Many Zamfara folks were asking, what were 40 vehicles doing in Matawalle’s house? Is it a motor park? The former governor offered two explanations, neither of them very convincing. He said he was into vehicle sale business before he became a governor. The question is, in four years as governor of a state, was he still bringing Tokunbo vehicles from Cotonou? Matawalle also said many of the vehicles were donated by supporters for the last, unsuccessful governorship campaign. This is the second time I heard a Nigerian politician listing donated campaign vehicles as his personal property. If you do that in the US, for example, you will probably go to jail.
Yet another slap may be afoot in Benue State, where Governor Hyacinth Alia delivered the most robust repudiation of the man he succeeded in office, former Governor Samuel Ortom. Alia began by nullifying all recent appointments into the State Civil Service made by Ortom’s administration; cancelled all extensions and contract appointments made in Ortom’s closing days; ordered all civil servants due for retirement who are yet to tender their letters of retirement to proceed on retirement immediately, and ordered all persons appointed as Permanent Secretaries from January 2023 to revert to their previous positions. Alia also nullified all postings and transfers made in the state civil service from October 2022.
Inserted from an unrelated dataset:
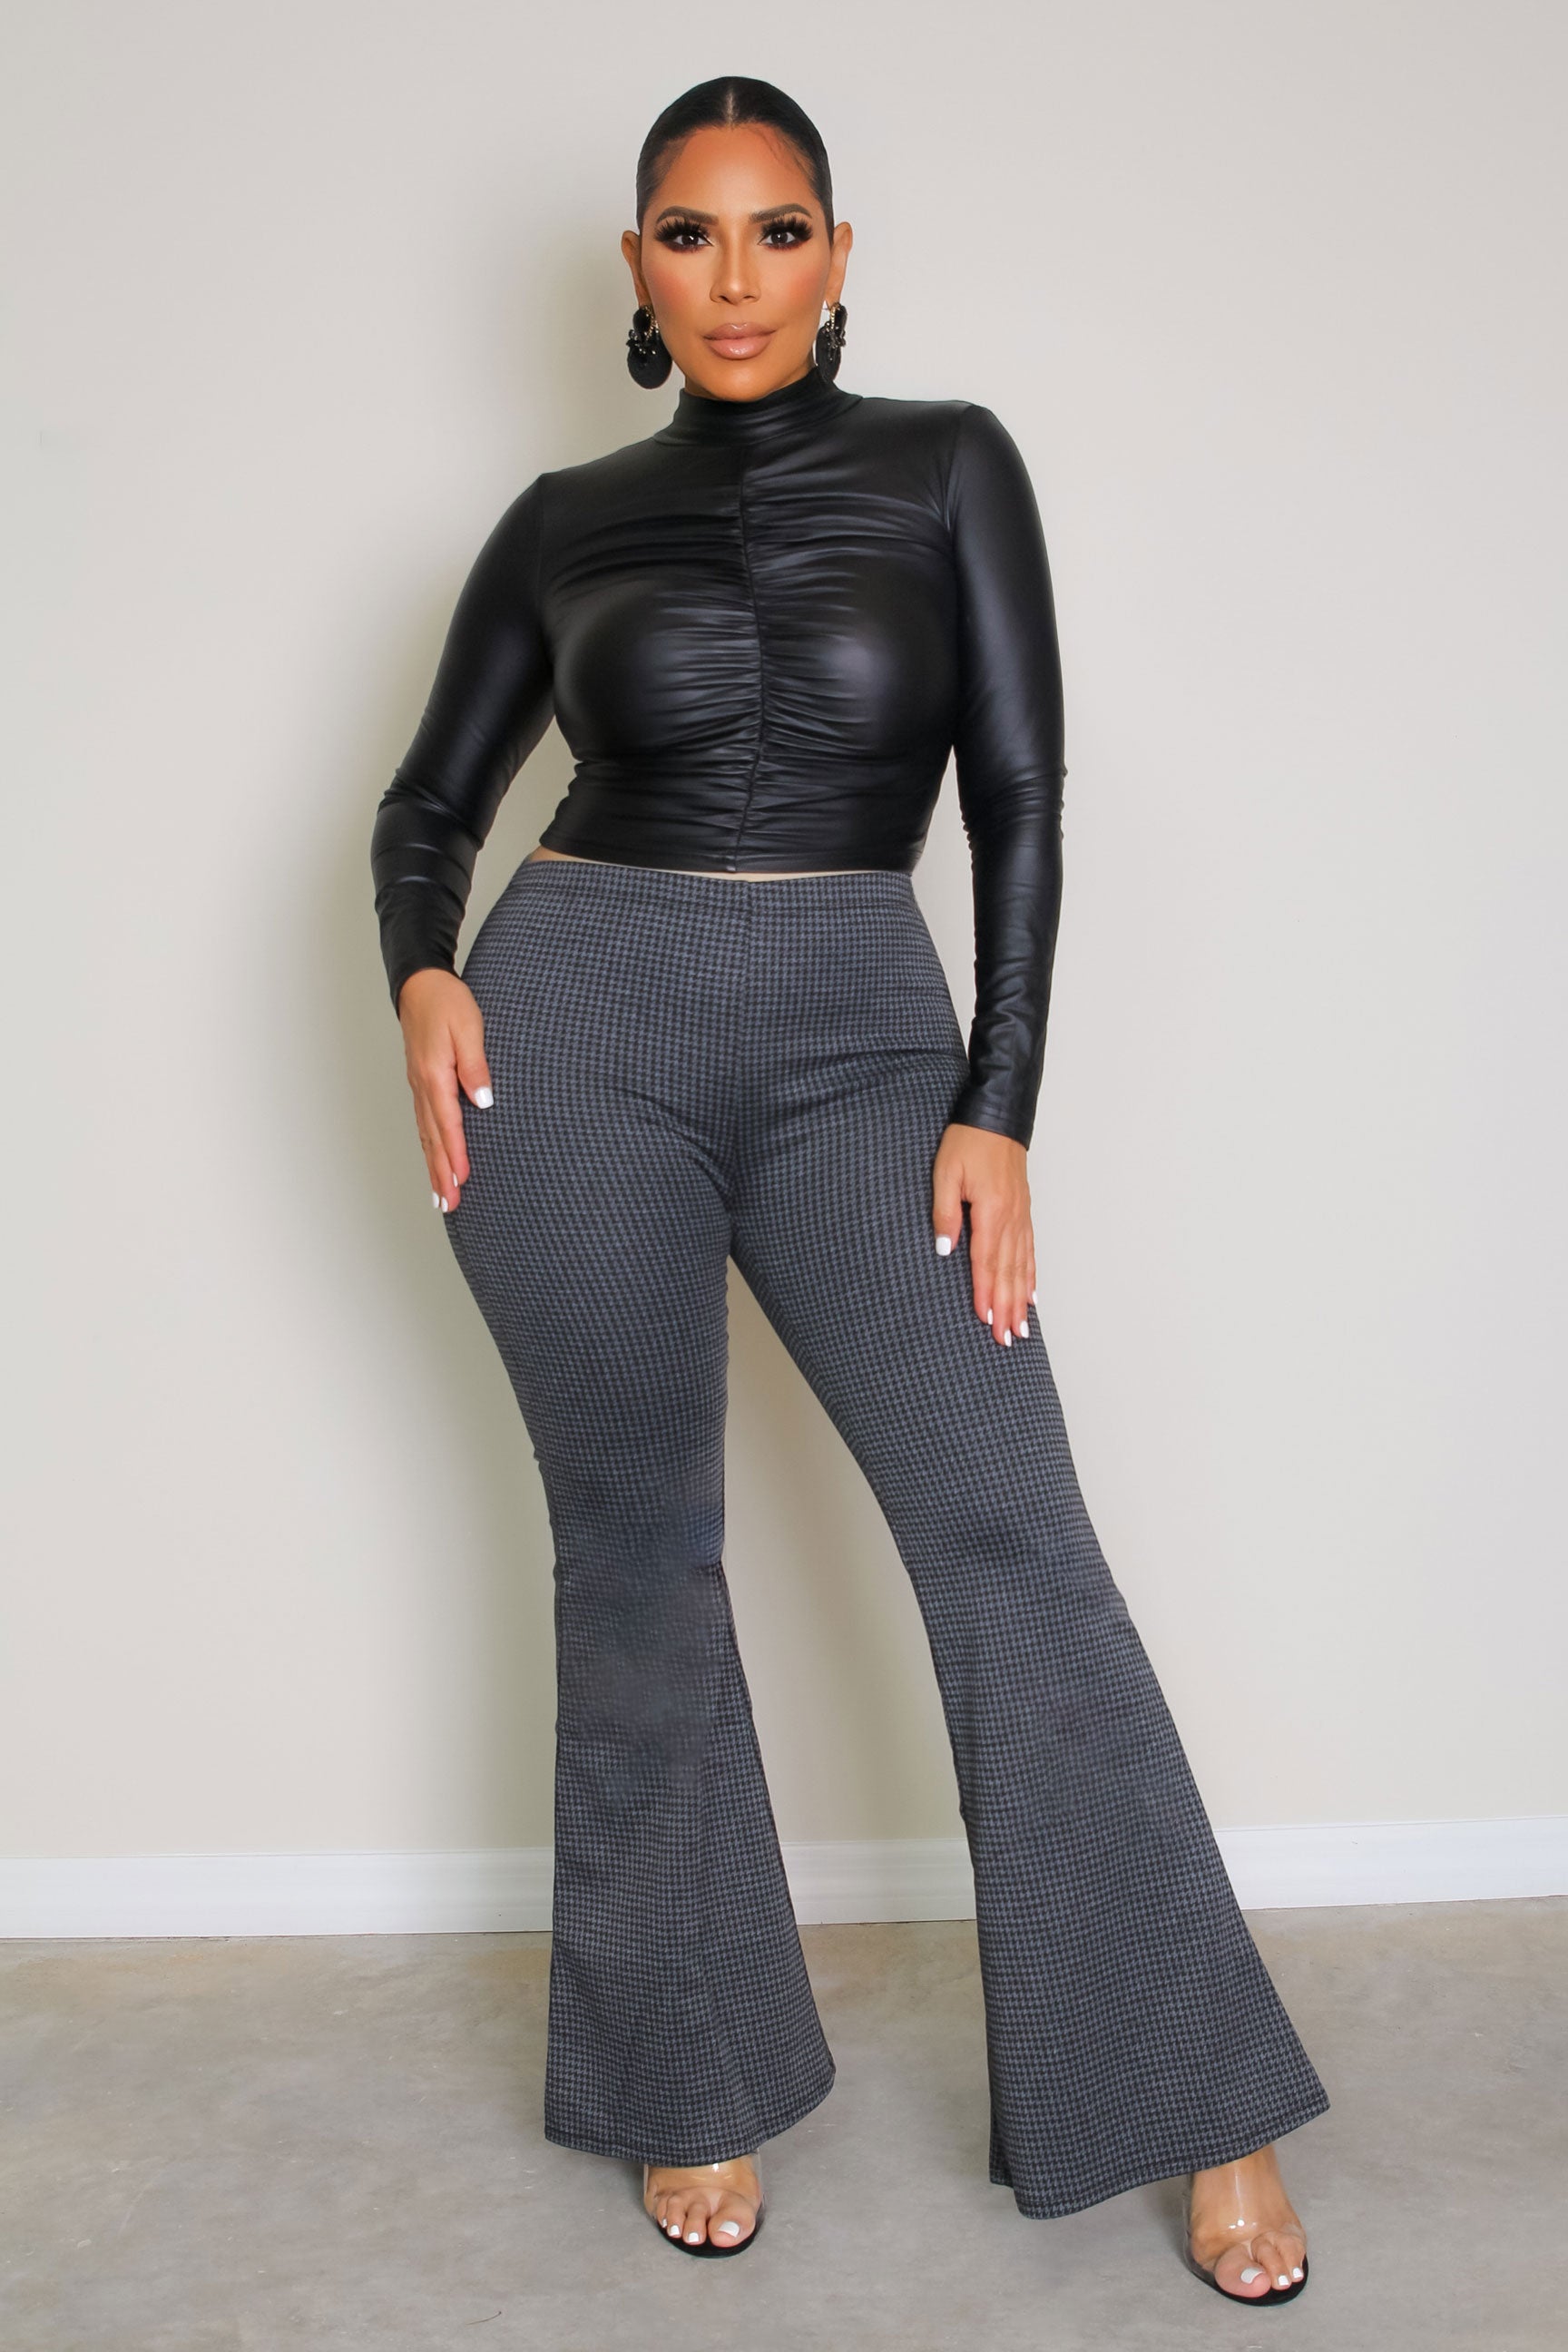 Mock Neck Ruched PU Leather Crop Top

When Ortom’s PDP protested, Alia said there was massive looting of the Government House in Makurdi by Ortom’s administration and that he was left with not a single official car. Alia further said he inherited an empty treasury and N187.56 billion debt and months of unpaid salaries and pensions. He said, “PDP, which is now crying wolf, left the Government House owing salaries of Benue civil servants from December 2022 to May 2023. The same PDP administration left salary arrears of five months for state government workers in 2017; 10 months for local government workers in 2017. Under this same PDP government, pensions were last paid in 2021.” He then added, “The level of decay caused by the immediate past administration stinks in the severely vandalized offices of state civil servants, such that the new government must have to start from scratch to acquire the necessary equipment for the system to start working again.” Start from scratch, in a 47-year-old state?
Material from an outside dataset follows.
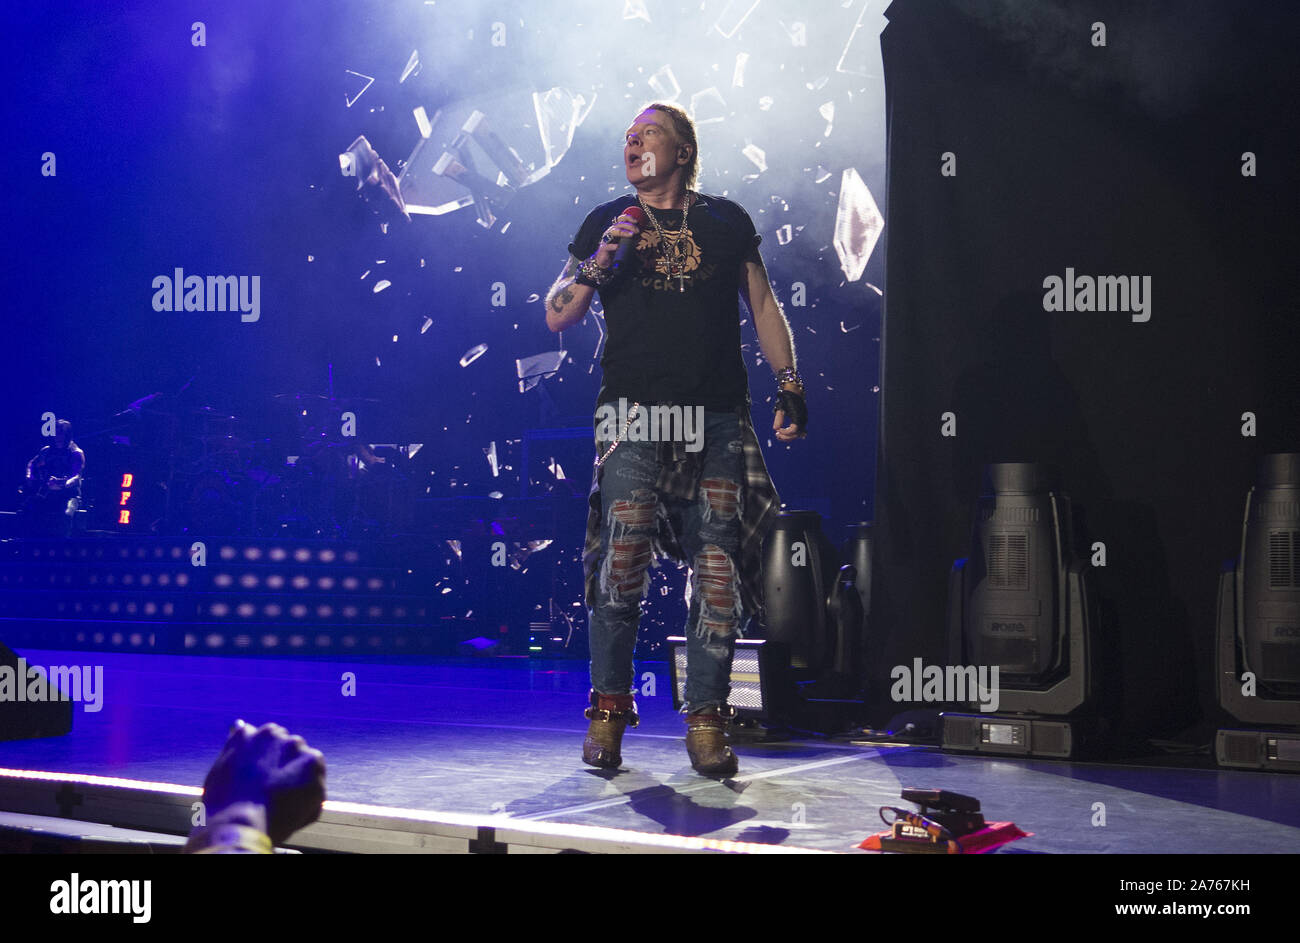 October 29, 2019, Salt Lake City, UT, USA: Singer Axl Rose of the rock band Guns N' Roses performs live onstage during a concert on their The Not in This Lifetime Tour at the Vivint Smart Home Arena. (Credit Image: © KC Alfred/ZUMA Wire) Stock Photo

The impression we all had, carefully cultivated by former governor Ortom over eight years, was that Benue State was a land of milk and honey and it was Fulani herdsmen that poured sand into its gari. The anti-open grazing law which he got enacted in the state was supposed to have solved all those problems, so how come that his successor is alleging huge debts and looted vehicles? Was it herdsmen that drove jeeps away alongside cows and bulls? There was a viral picture last week of ex-governor Samuel Ortom paying a visit to Aso Rock alongside four other members of the PDP G-5. Governor Alia was lucky that he was nowhere in the vicinity. Otherwise, there could have been another dirty slap inside the Presidential Villa.